- [WORK ITEM] Set down, please, exactly the lines below that run from the line with "The price of" to the line with "A woman and", both lines included.

- [DATA SHOWN]
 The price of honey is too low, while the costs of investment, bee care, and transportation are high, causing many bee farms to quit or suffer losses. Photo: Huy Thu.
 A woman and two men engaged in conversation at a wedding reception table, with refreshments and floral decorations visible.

...

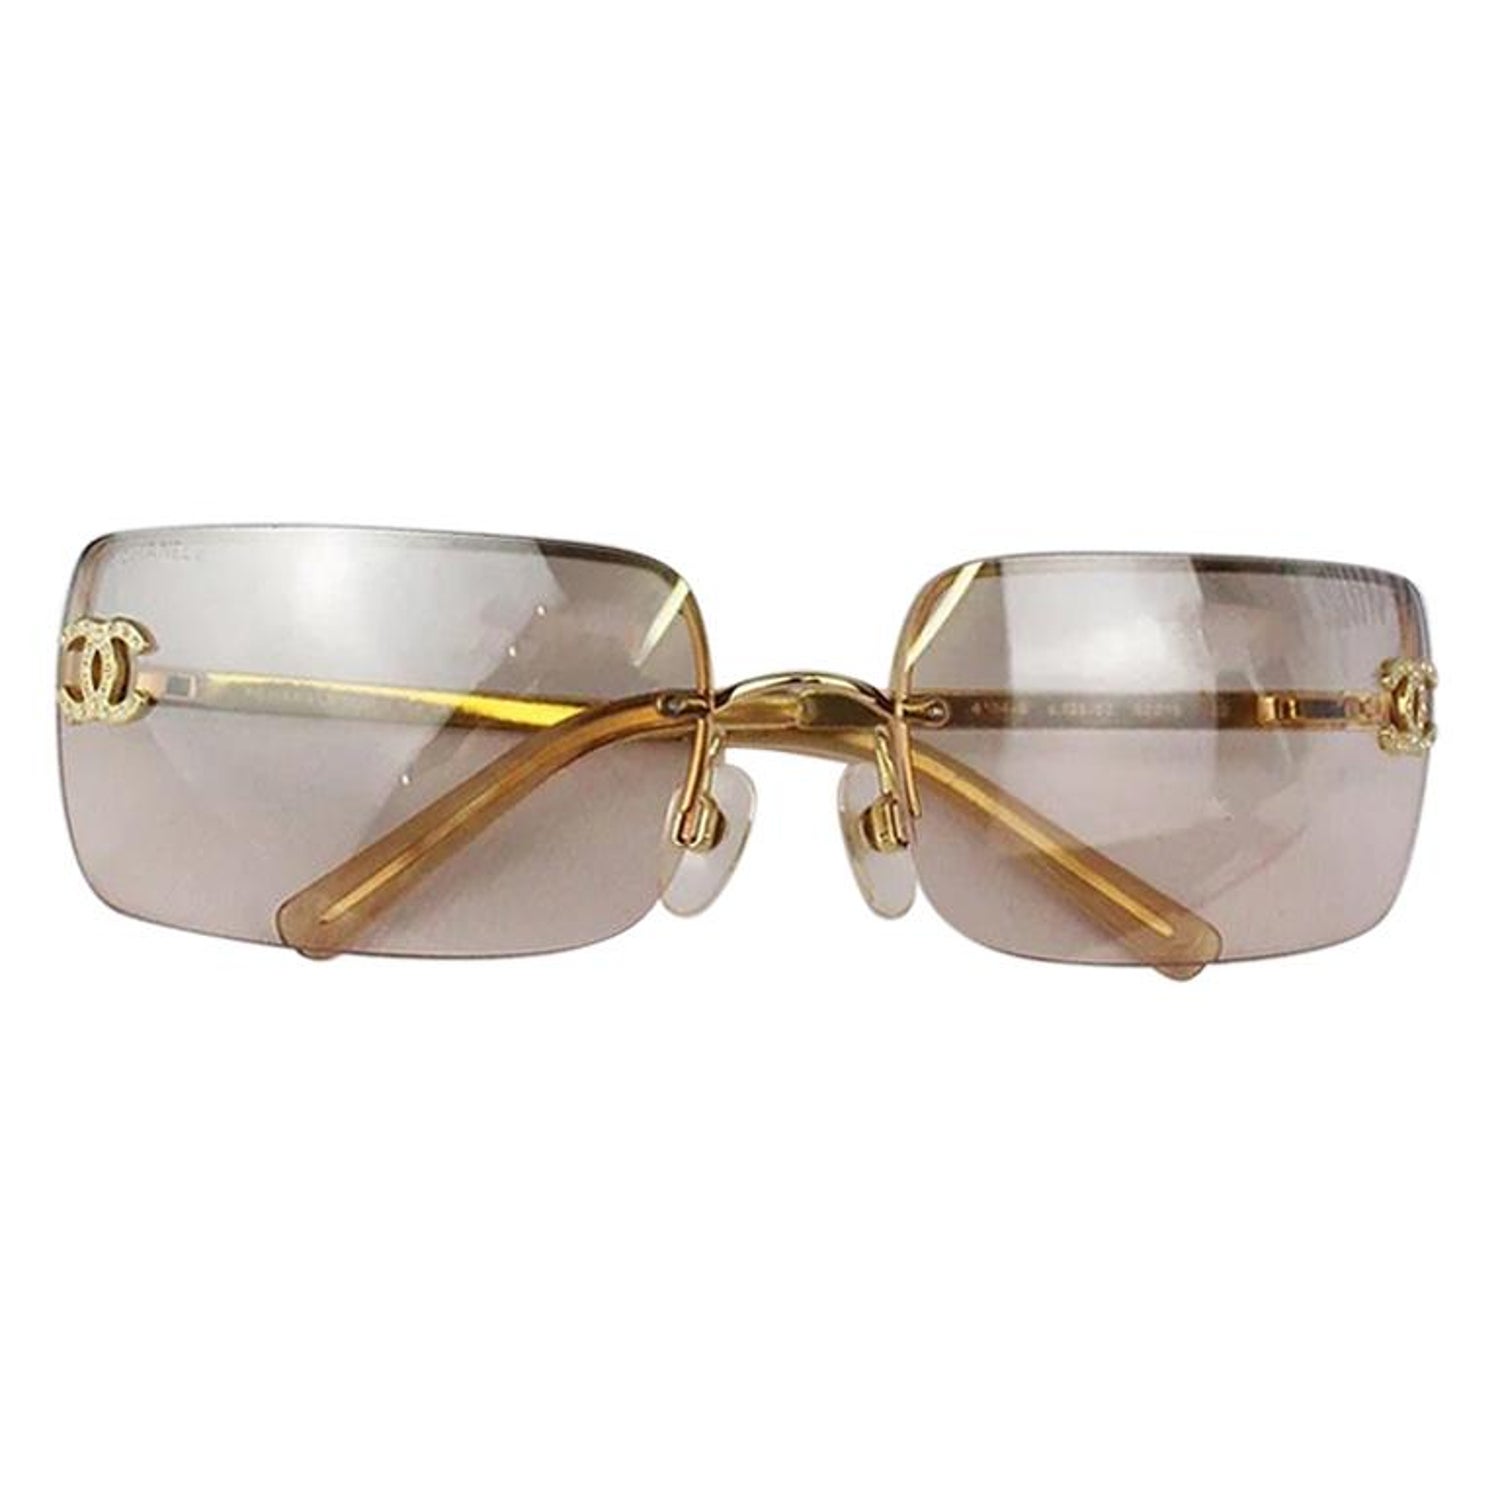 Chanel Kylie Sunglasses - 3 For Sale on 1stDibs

- [YOUR RESPONSE]
 The price of honey is too low, while the costs of investment, bee care, and transportation are high, causing many bee farms to quit or suffer losses. Photo: Huy Thu.
 A woman and two men engaged in conversation at a wedding reception table, with refreshments and floral decorations visible.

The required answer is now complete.